Hope Springs is the kind of movie that is so realistic, affecting, and emotionally stirring that studios are afraid you won't go see it. So they concocted a trailer that makes it seem just like every other romantic comedy you can think of, slap a song in there that could play on an adult contemporary station as the "hip but accessible" single, and cross their fingers that people will get suckered into going. But the surprising part is, you're actually going to like it--even if it isn't what you're led to believe it is.

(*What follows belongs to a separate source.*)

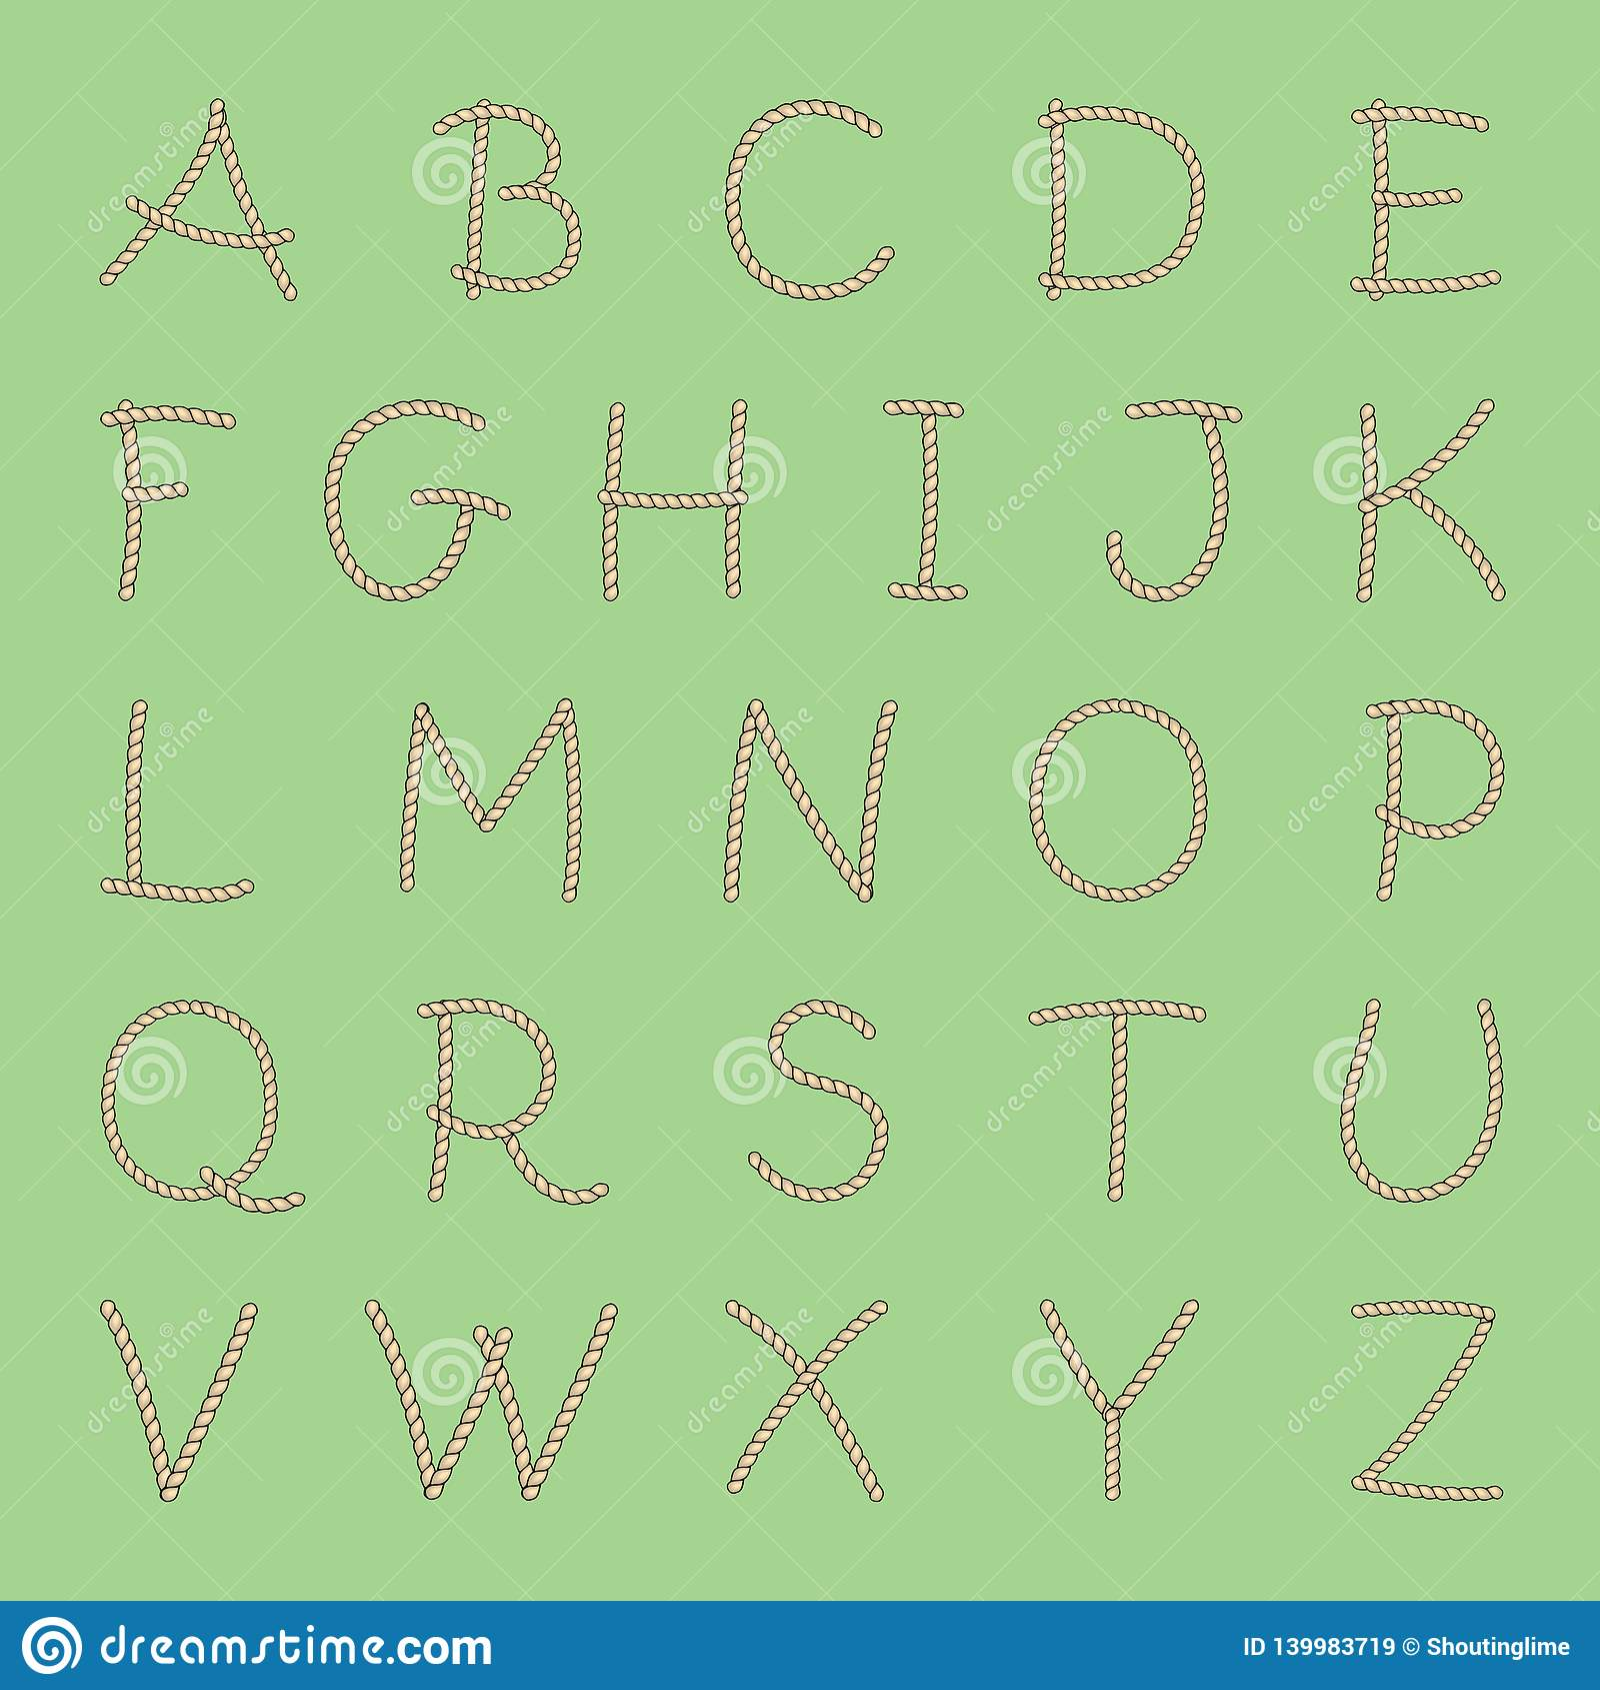 Vectorkabel Engels Alfabet Alle Brieven A-Z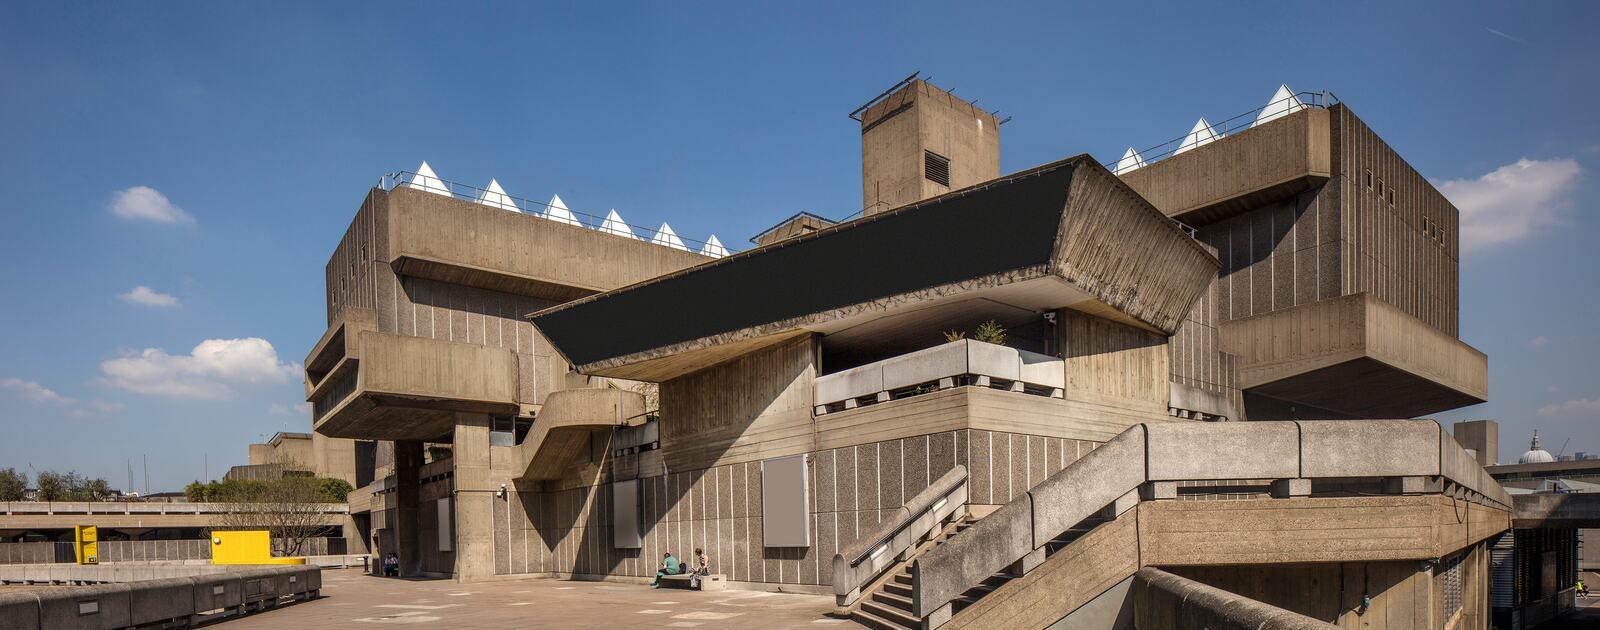 Hayward Gallery | Southbank Centre

But first, a warning: This is a movie about 55-ish-year-olds doing stuff that isn't normally represented in the youth-cherishing culture of Hollywood. If seeing Meryl Streep and Tommy Lee Jones roll in front of a fireplace makes you want to cover your eyes and whimper in the corner of the local cineplex, then stay home. But if Tommy Lee Jones getting felt up over his Dockers intrigues you, then by all means, get your wallet.
Kay (Streep) and Arnold (Jones) have been married 31 years. They have adult kids and a lovely home straight out of a Restoration Hardware catalog. What they don't have is intimacy--Arnold sleeps in a separate room, and deftly turns down Kay's shy propositions that take all her courage to muster. His crankiness and her unhappiness are suffocating them, and finally Kay offers a more pronounced proposition: She is going to an intensive marriage therapy session. And Arnold, with the wisdom that comes from being married to someone for decades, understands that he better go with her. Or else.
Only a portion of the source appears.